## RAW DATA
※
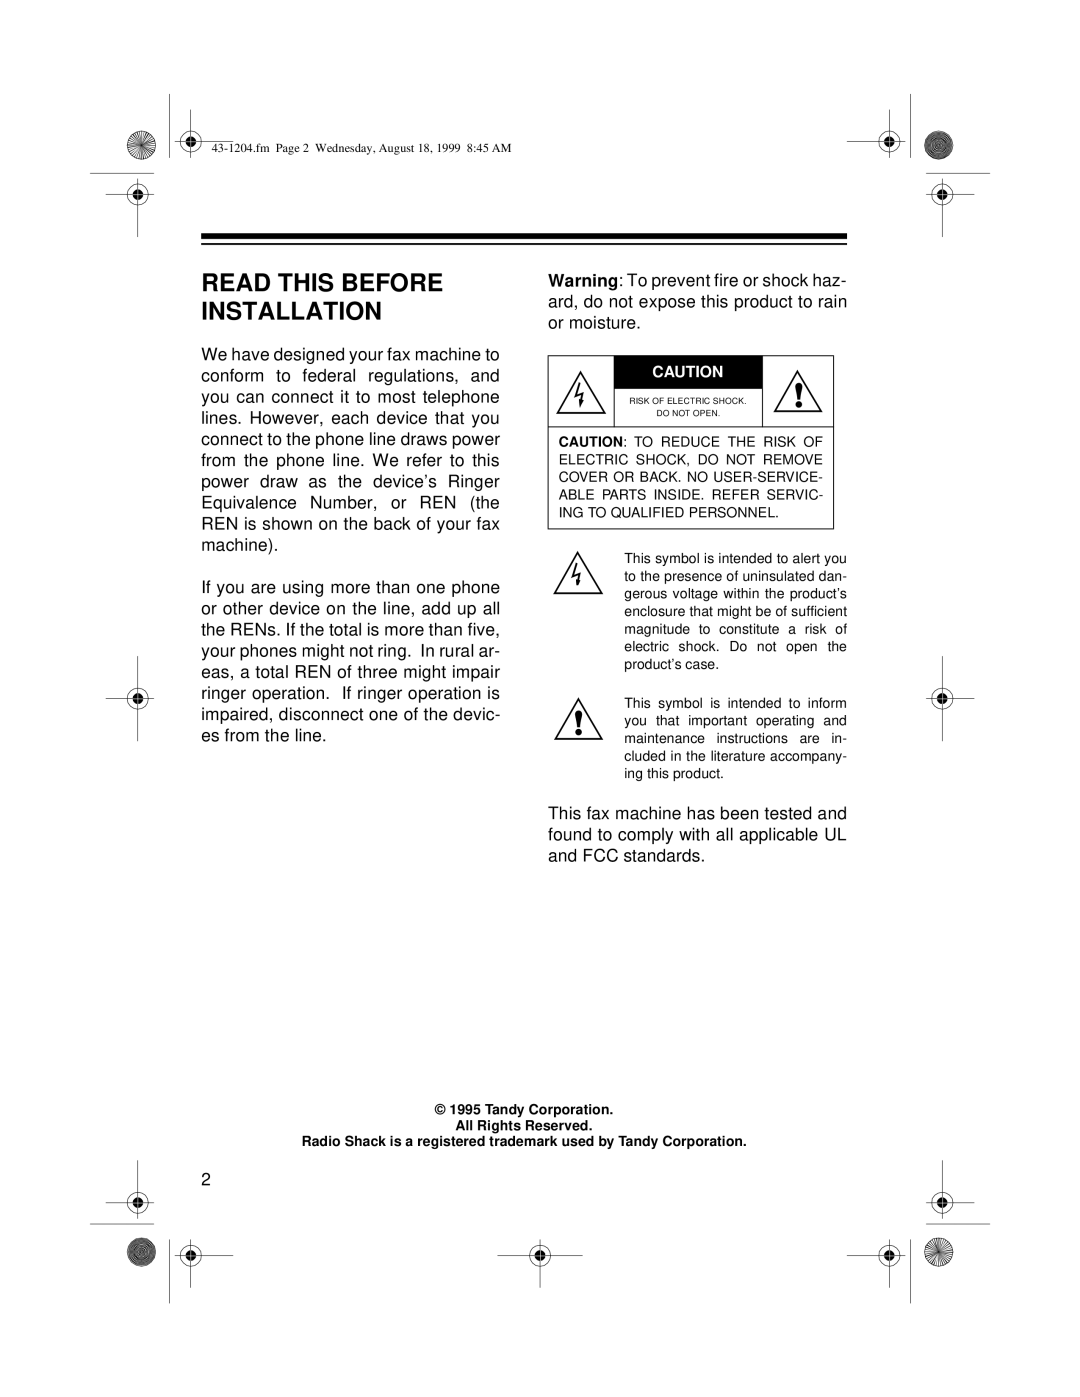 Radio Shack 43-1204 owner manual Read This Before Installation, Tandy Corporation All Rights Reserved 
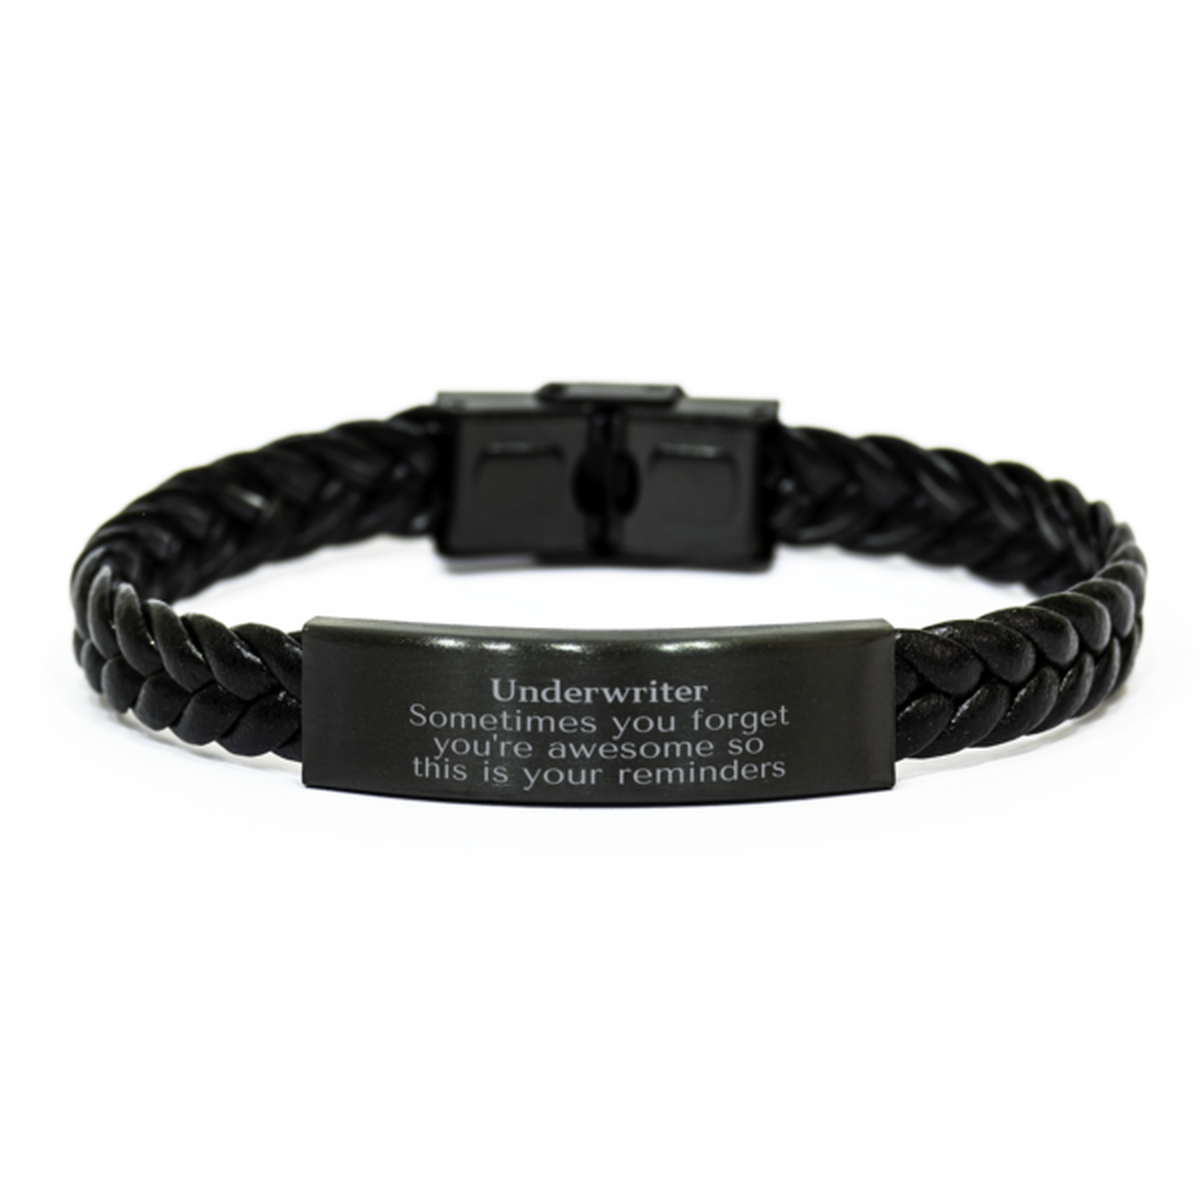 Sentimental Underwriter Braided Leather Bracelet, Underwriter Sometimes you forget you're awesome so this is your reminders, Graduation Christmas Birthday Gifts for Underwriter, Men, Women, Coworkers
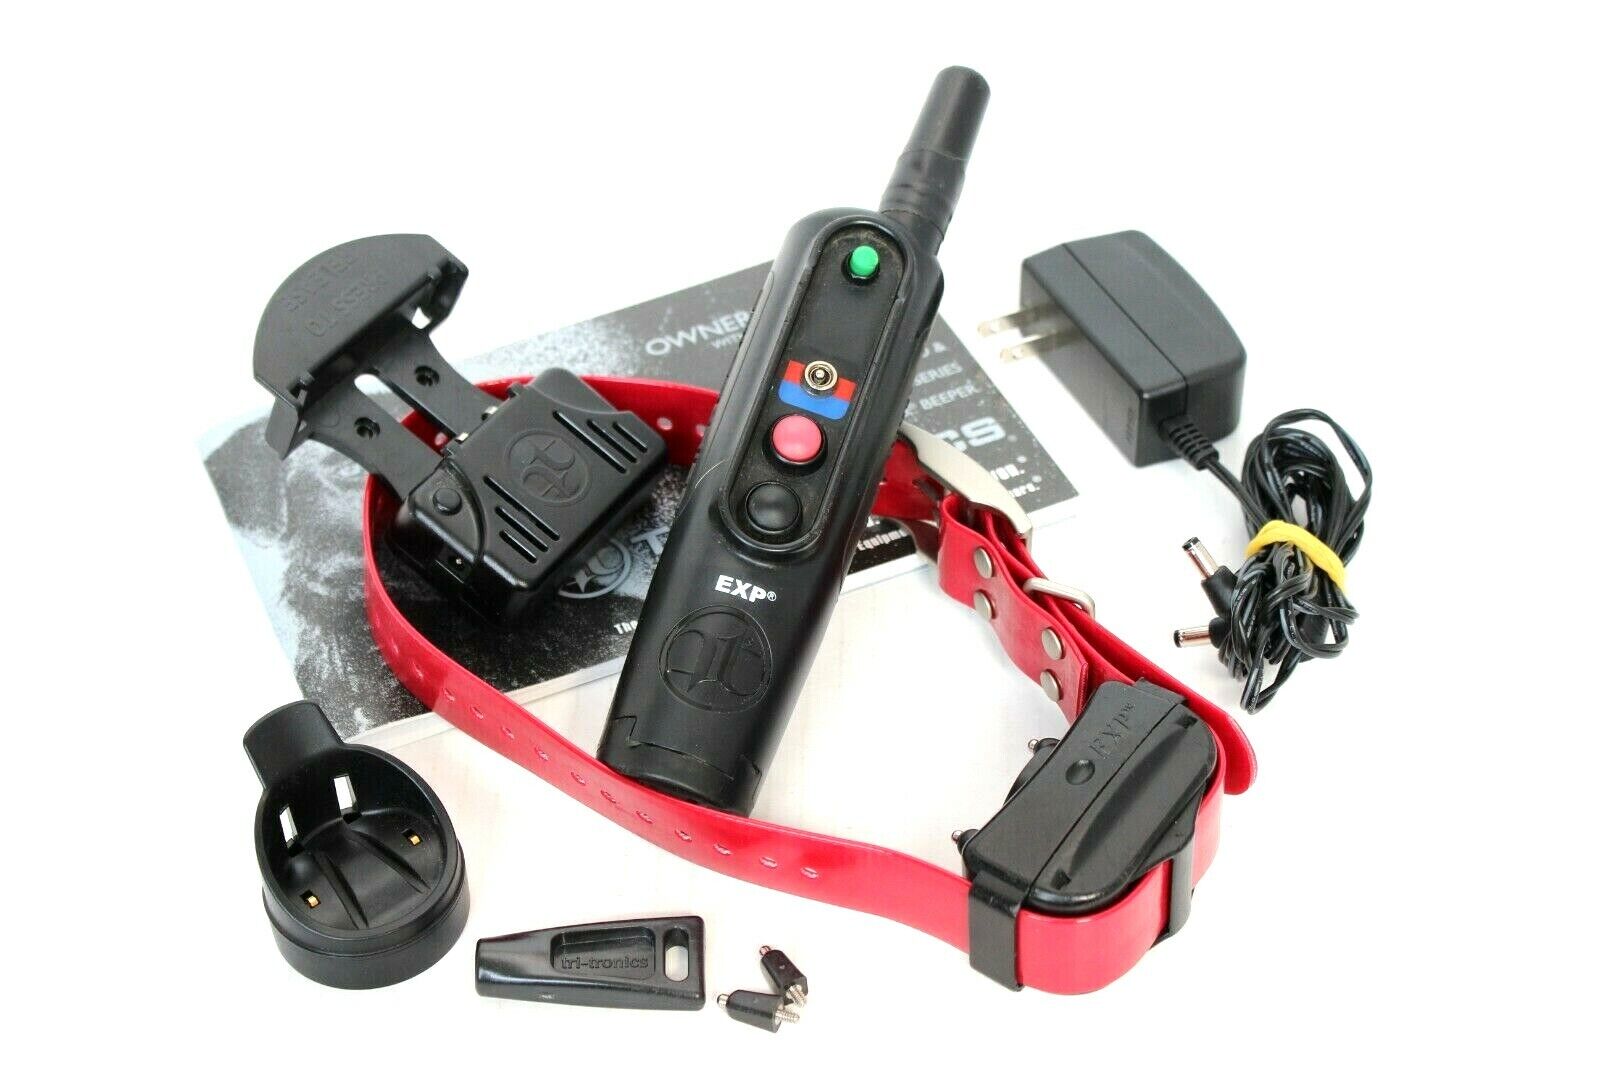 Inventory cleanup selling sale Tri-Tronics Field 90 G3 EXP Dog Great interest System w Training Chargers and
※
## TASK OBJECTIVE
The listing above, line by line: print it exactly, but not its pictures.

## SOLUTION FOR THIS PROBLEM
 Radio Shack 43-1204 owner manual Read This Before Installation, Tandy Corporation All Rights Reserved 
 Sentimental Underwriter Braided Leather Bracelet, Underwriter Sometimes you forget you're awesome so this is your reminders, Graduation Christmas Birthday Gifts for Underwriter, Men, Women, Coworkers
 Inventory cleanup selling sale Tri-Tronics Field 90 G3 EXP Dog Great interest System w Training Chargers and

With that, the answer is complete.